Michael Bradley, the managing partner of Marque Lawyers, says that Brandis has trampled all over the conventions that govern his own role as first law officer. In the the Westminster system the Attorney-General is supposed to have a higher duty, beyond politics, as the primary defender of the rule of law and our system of justice. He sees the HRC as included in the system of justice. It’s important that the HRC should be free to say what the Government does not want to hear. His bottom line:

If Triggs’s testimony is correct, the fact that Brandis sought to remove her from her position by offering her another job raises serious questions about his integrity. Where his actions leave us is in the untenable situation that his working relationship with Professor Triggs is irretrievably broken.

Consequently, one of them will have to go. It shouldn’t be her.

Denis Muller at The Conversation argues that The Australian newspaper has been running a concerted campaign on the Triggs issue. The paper’s position is ideological, he says, and inappropriate for the fourth estate.

ABC FactCheck has found Gillian Triggs’ assertion that in the first months of the Coalition Government the time children spent in immigration detention “was reaching quite exceptional levels” is correct.

Innes also criticised Tim Wilson’s appointment as human rights commissioner without a selection process and fresh from the Institute of Public Affairs, whose policy was to abolish the Commission. This left Susan Ryan covering disabilities as well as age discrimination, an unfair burden.

My earlier post is here.

3 thoughts on “Brandis – doing his job?”

  1. We pay those in the Public Service and in similar organizations, including the Judiciary and the Defence Force, to give their advice “Without Fear Or Favour” and to act in the best interests of whole country and its future.

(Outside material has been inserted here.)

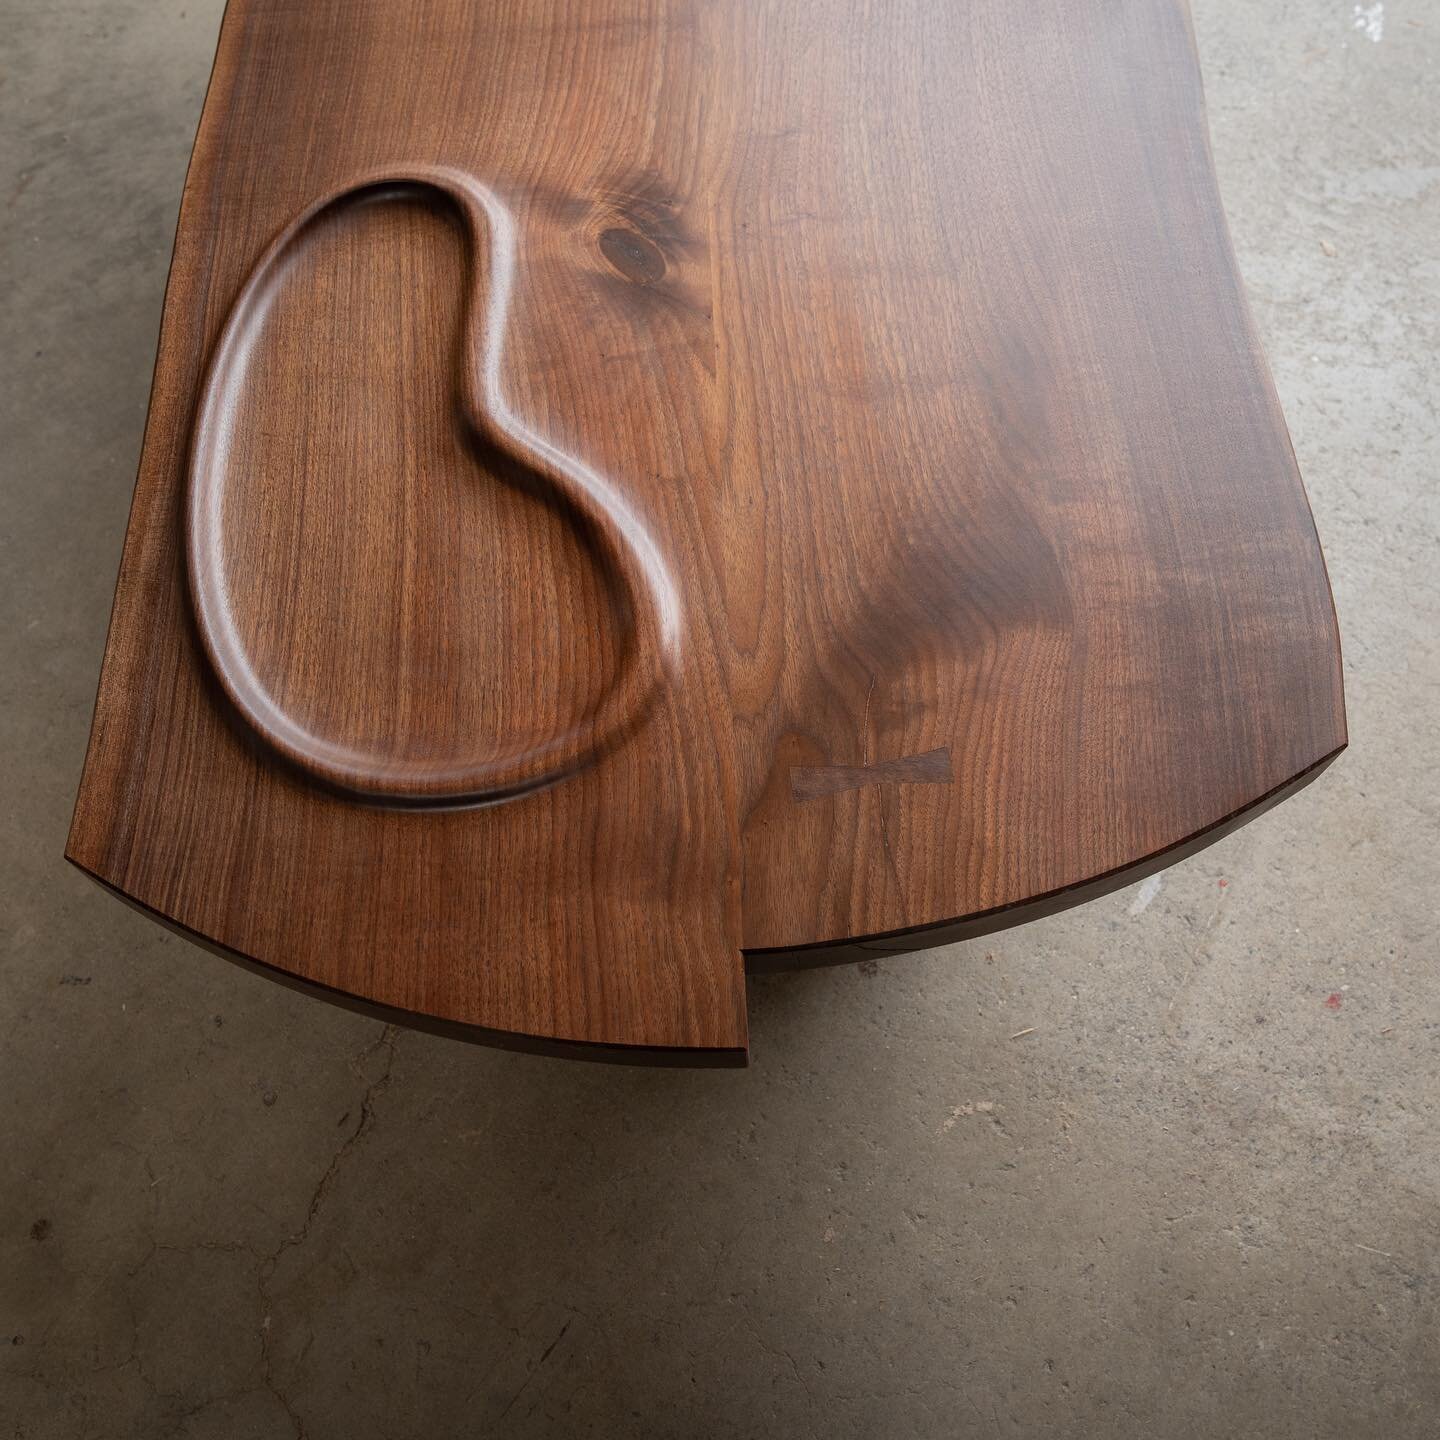 I made the Kidney Coffee table for this year&rsquo;s Utah Design Exhibit. It&rsquo;s a playful and touchable piece. Now on sale through my website 

@utahdesignexhibit #finewoodworking #woodworking #walnut #madeslowtolastlong #handshaped

    We expect their integrity to be always under scrutiny, but, unless they have given good reason for it happen (such as in blatant corruption or similar criminality) never under attack.

    When this doesn’t happen, we are cheated . Our own money is misspent. Those who we have hired or will hire to work for our best interests and our future are hindered.

    Personality clashes, displays of vanity and very strong differences of opinion are common enough in any large organization but I have heard of no actual reason attack Gillian Trigg’s integrity itself …. though I dislike her, her timing and her manner.

    I see this as extending way beyond trying to intimidate Triggs herself and as attempt to intimidate ALL Public Servants and those in related organizations. As Voltaire put it, “The English hang an admiral from time to time, to encourage the others.”

    If I am right, then the mismanagement of our employees doesn’t just stop at Brandis; he may have been just the message-boy for a collective strategy from OUTSIDE of Parliament as well as inside it – and so I do wonder what the next stunt will be.

    Anyway, the No Confidence motion was a good start – so long as our MHRs and Senators don’t just let the matter rest.

  2. Graham I gather Labor spent the whole week attacking the LNP on this issue in Question Time in the lower house. I’m not sure what more they can do.

  3. Brian: Responding to attacks on the relative independence of our officials is an issue that should not be left to politicians alone.
    It’s the duty of every citizen too.
    You’ve made a start by putting this article on your blog. I’ve made a start by commenting on it. We can encourage our fellow citizens to respond to this threat to good order and democracy in their own way – and not just sit back an watch it all happening.